▶ **What this task involves**:
Output every line of the material exactly, omitting images.

:: Provided material

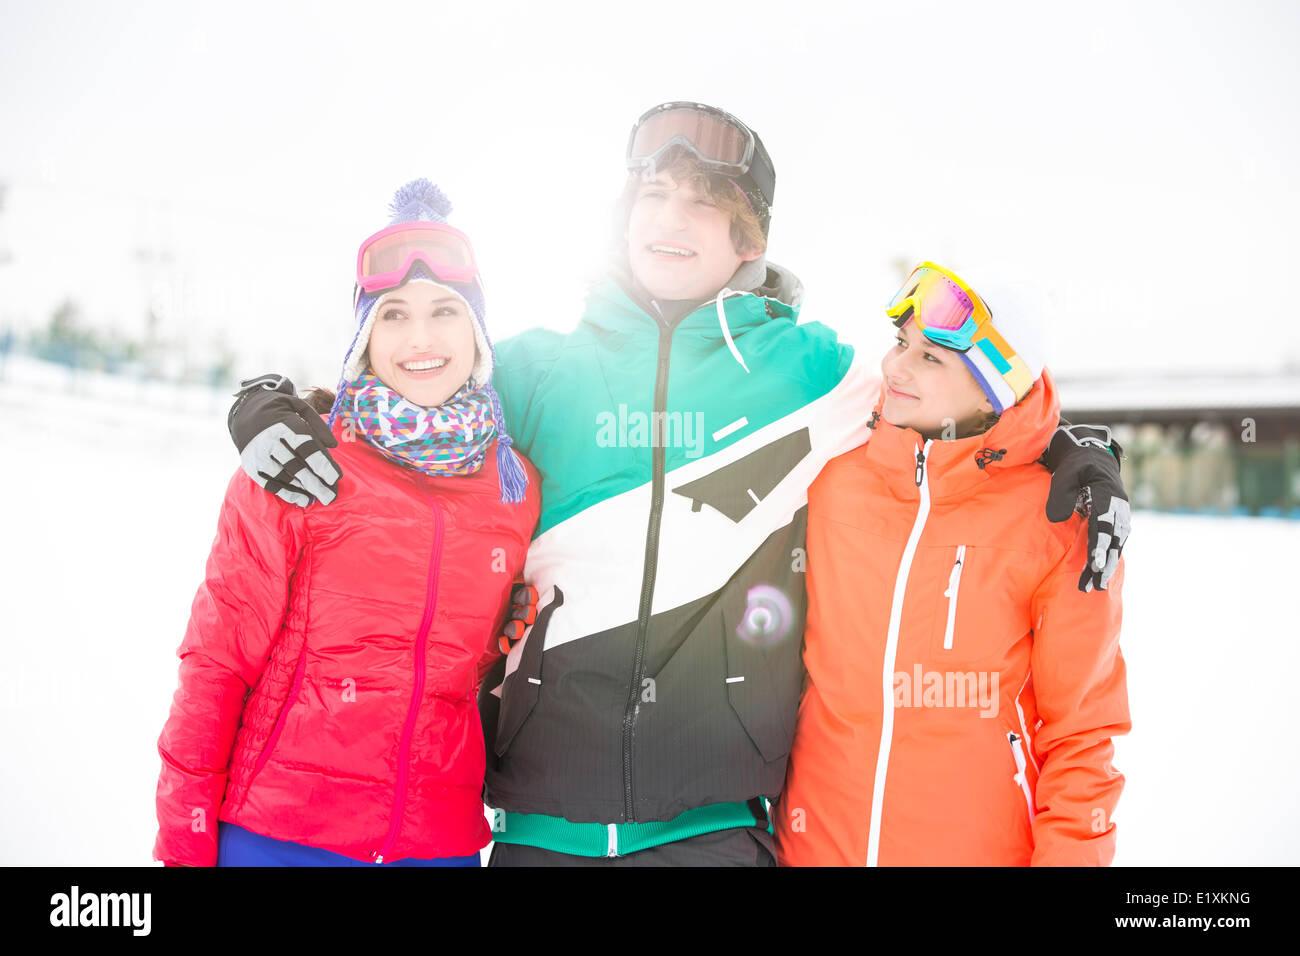 Joven con amigas de pie brazo alrededor en la nieve Imagen De Stock
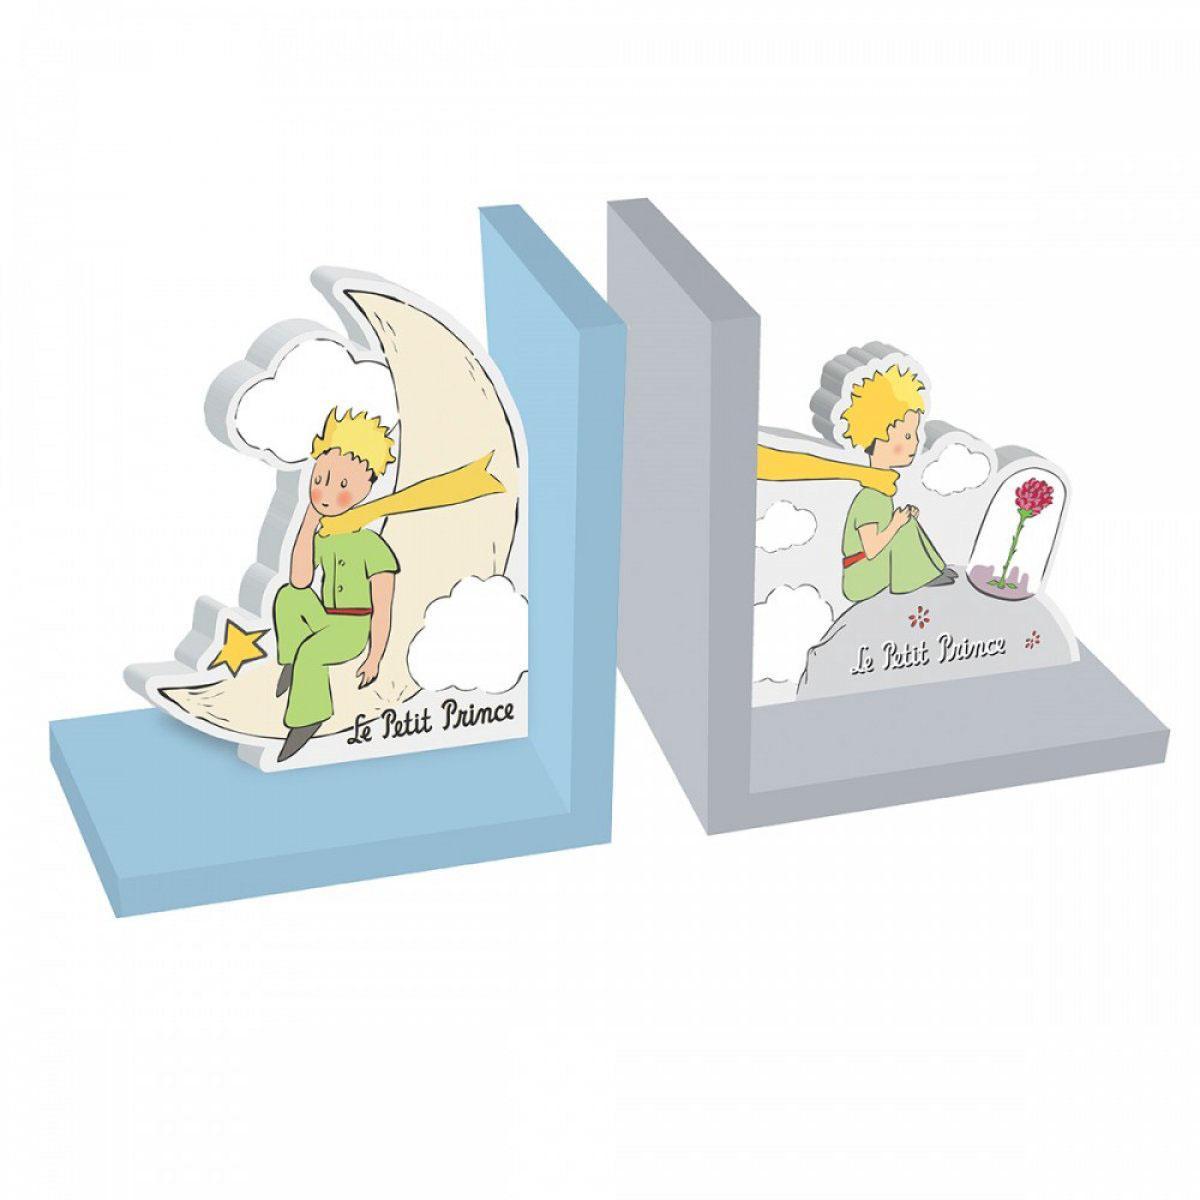 Serre-livres bois \'Le Petit Prince\' bleu gris - chacun 15x135x9 cm - [A2802]
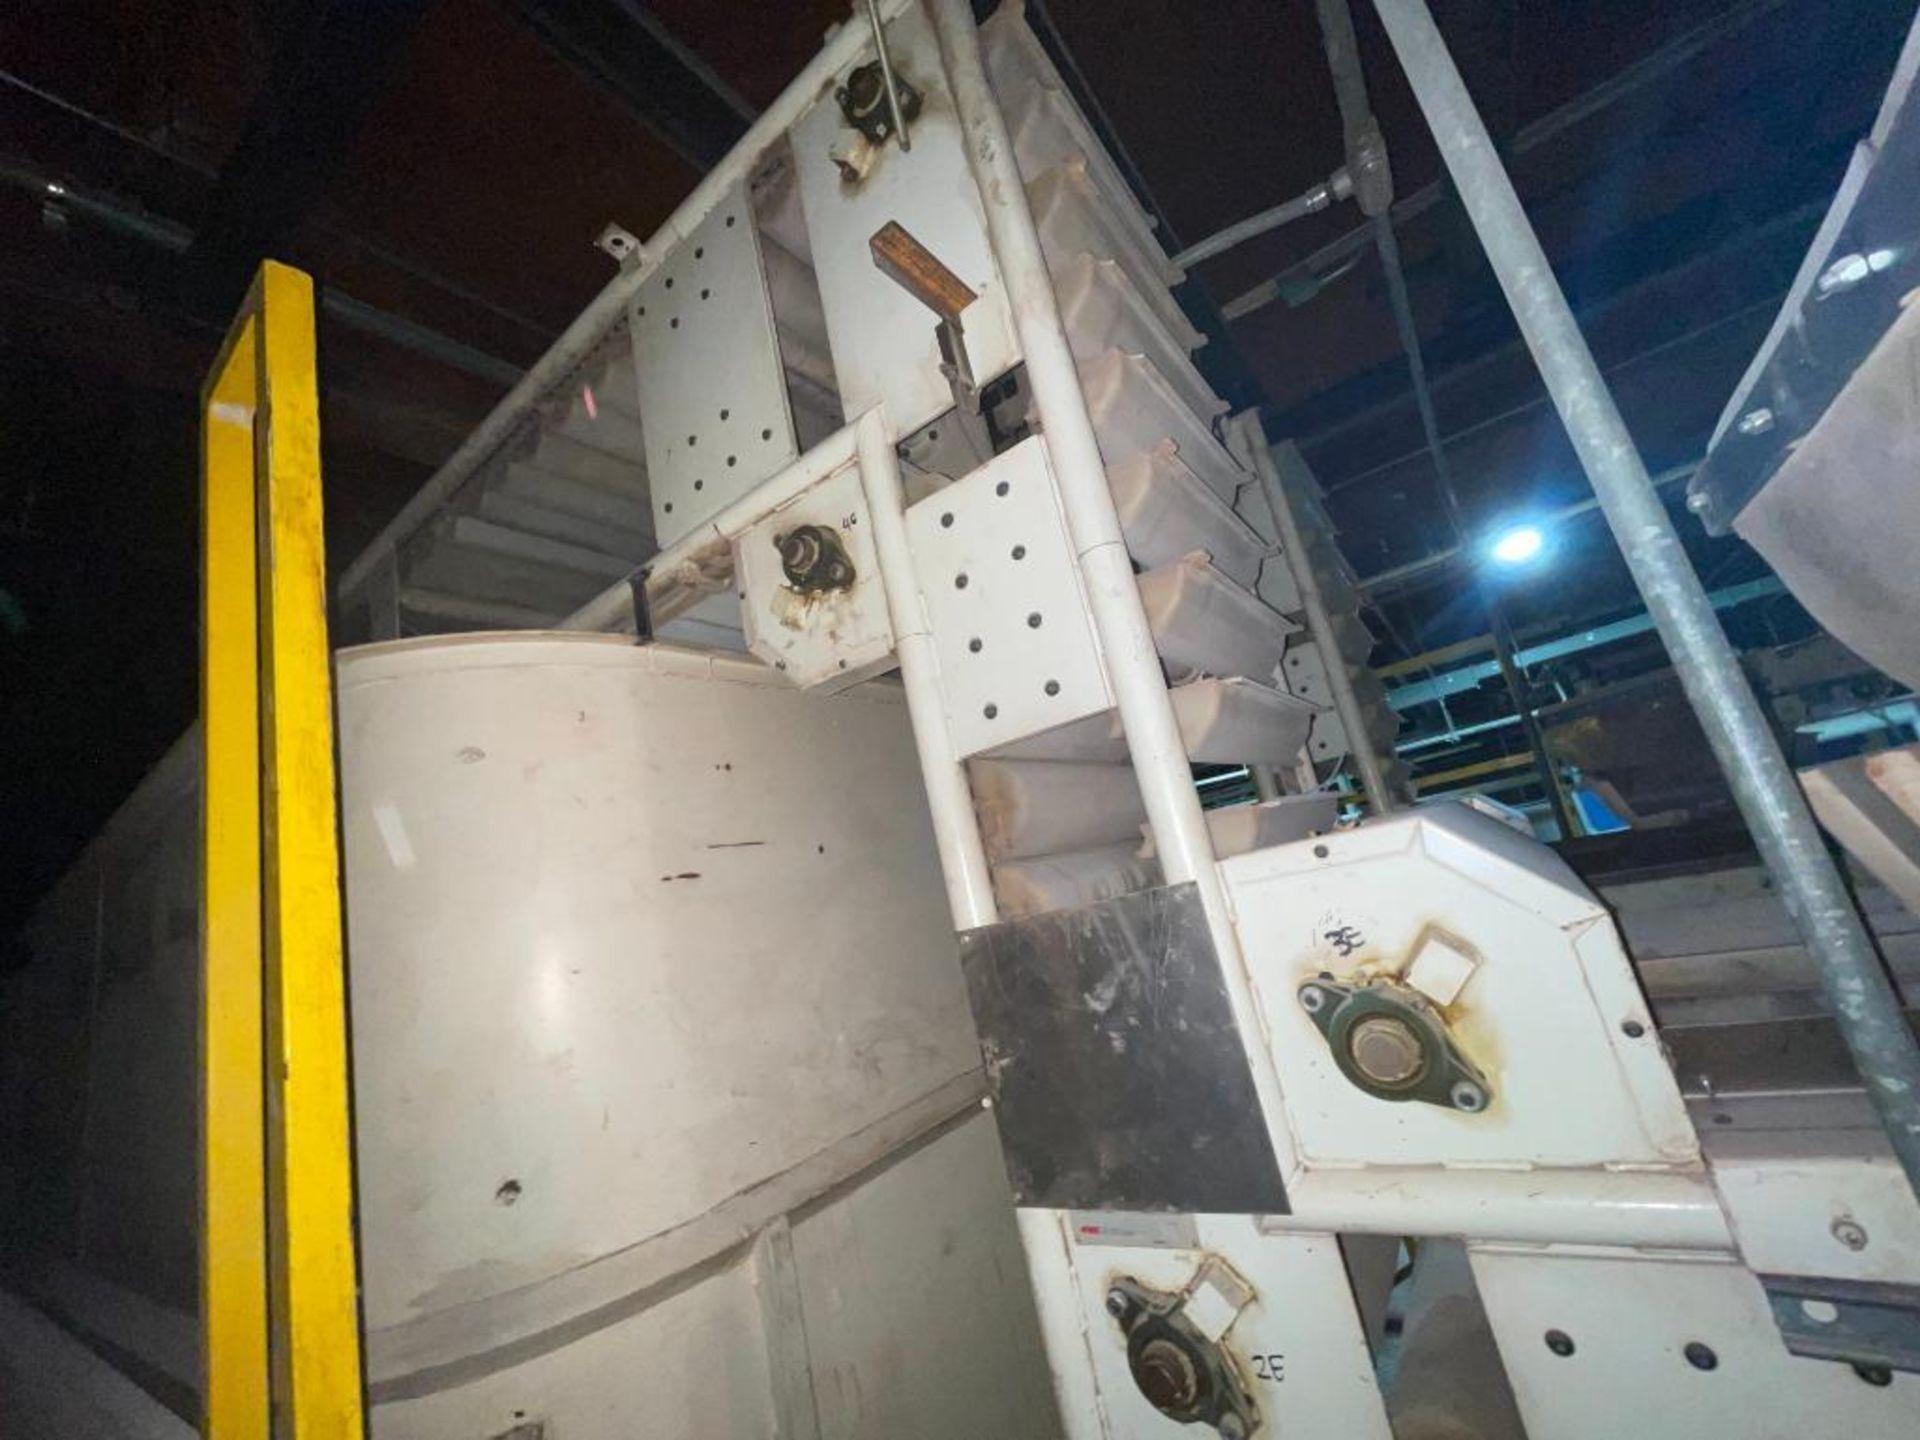 Aseeco horizontal overlapping bucket elevator - Image 7 of 10

::::

▶ **Answer area**:
 Joven con amigas de pie brazo alrededor en la nieve Imagen De Stock
 Serre-livres bois \'Le Petit Prince\' bleu gris - chacun 15x135x9 cm - [A2802]
 Aseeco horizontal overlapping bucket elevator - Image 7 of 10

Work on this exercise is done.